We have devised a new honeycomb tricalcium phosphate (TCP) containing through-and-through
holes of various diameters to control cartilage and bone formation. However, the way in which the
geometric structure of the honeycomb TCP controls cartilage and bone tissue formation separately
remains unknown. In addition, an association has been reported between bone formation and
angiogenesis. Therefore, in the present study, we investigated the relationship between angiogenesis
and various hole diameters in our honeycomb TCP over time in a rat ectopic hard tissue formation
model. Honeycomb TCPs with hole diameters of 75, 300, and 500 µm were implanted into rat
femoral muscle. Next, ectopic hard tissue formation in the holes of the honeycomb TCP was
assessed histologically at postoperative weeks 1, 2, and 3, and CD34 immunostaining was performed
to evaluate angiogenesis.
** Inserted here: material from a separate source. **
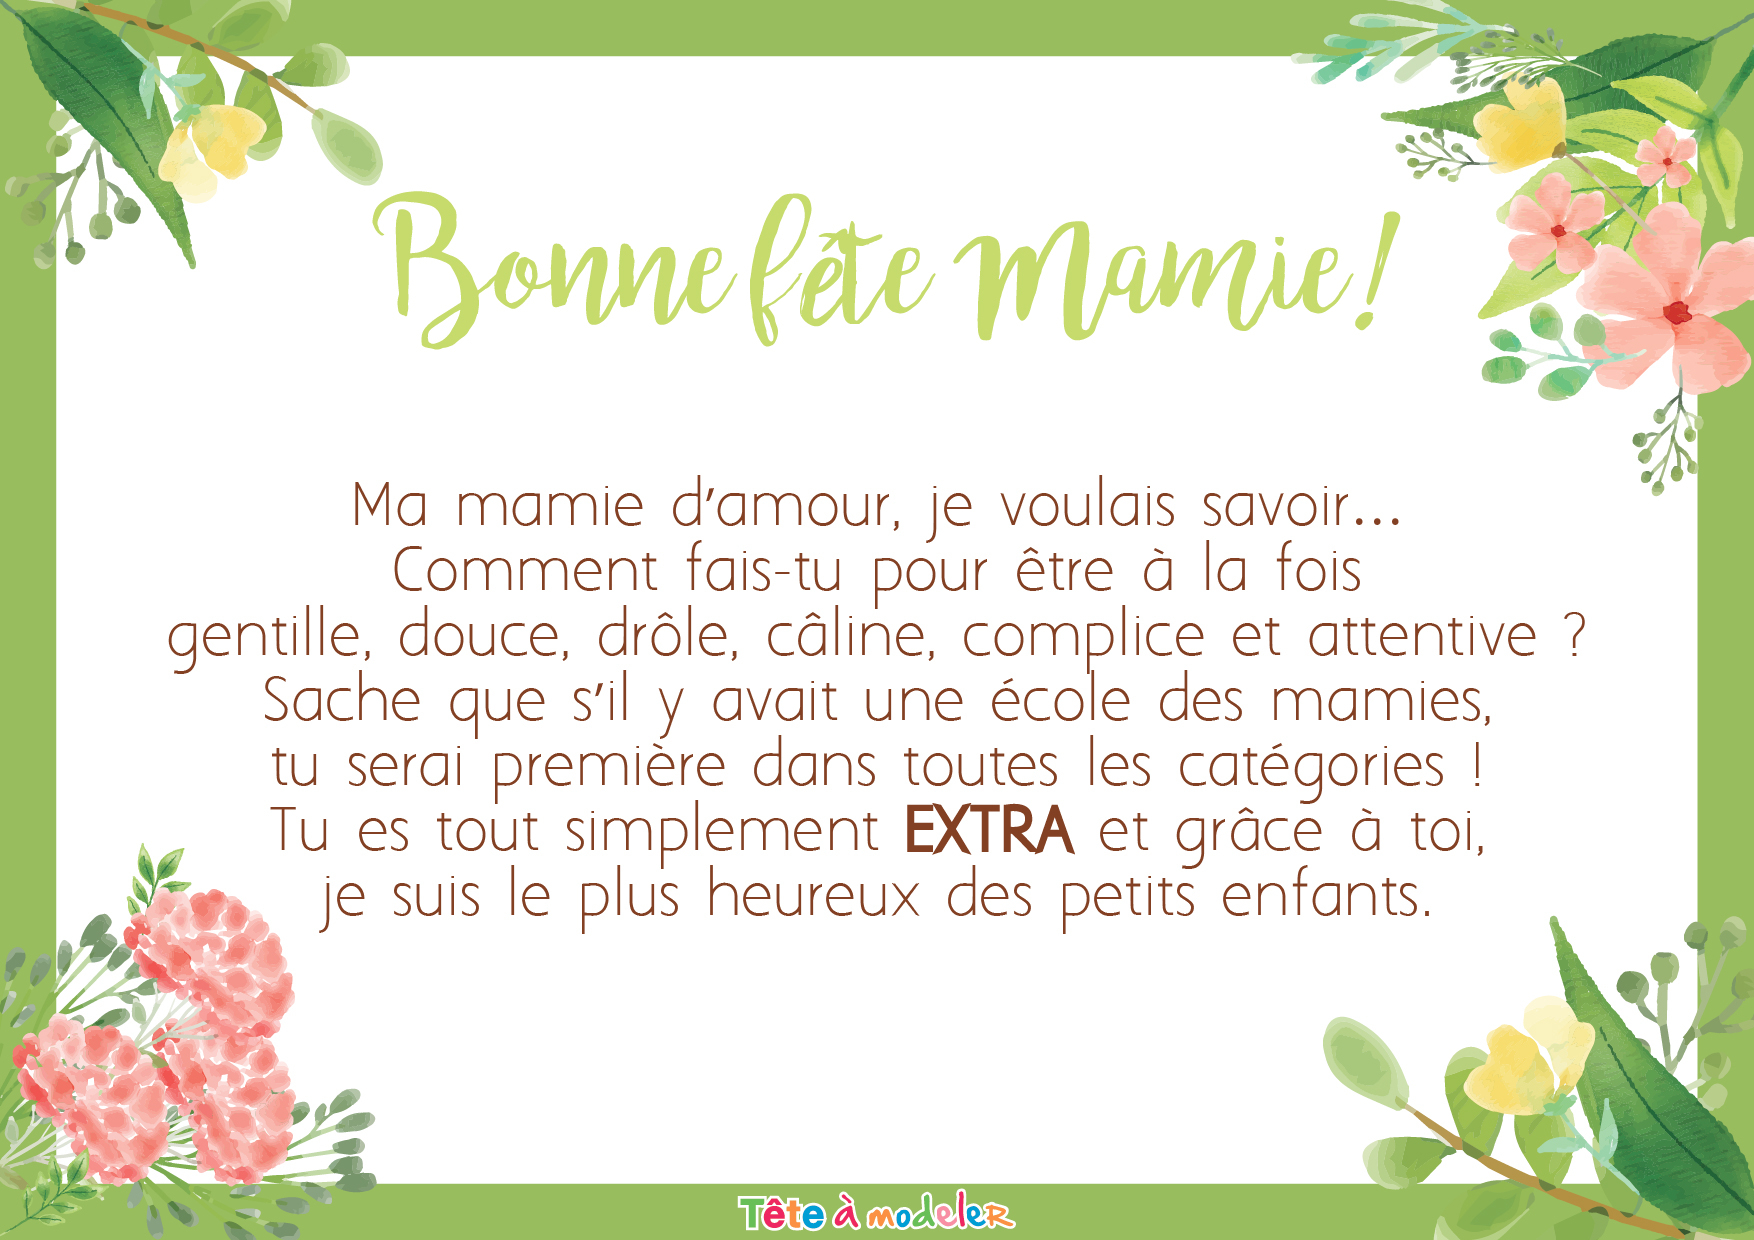 Poeme Une Mamie C'Est concernant Poeme D Enfant

The results showed that cartilage formation accompanied by thin and poor
blood vessel formation, bone marrow-like tissue with a branching network of vessels, and vigorous
bone formation with thick linear blood vessels occurred in the TCPs with 75-µm, 300-µm, and
500-µm hole diameters, respectively. These results indicated that the geometrical structure of the
honeycomb TCP affected cartilage and bone tissue formation separately owing to the induced
angiogenesis and altered oxygen partial pressure within the holes.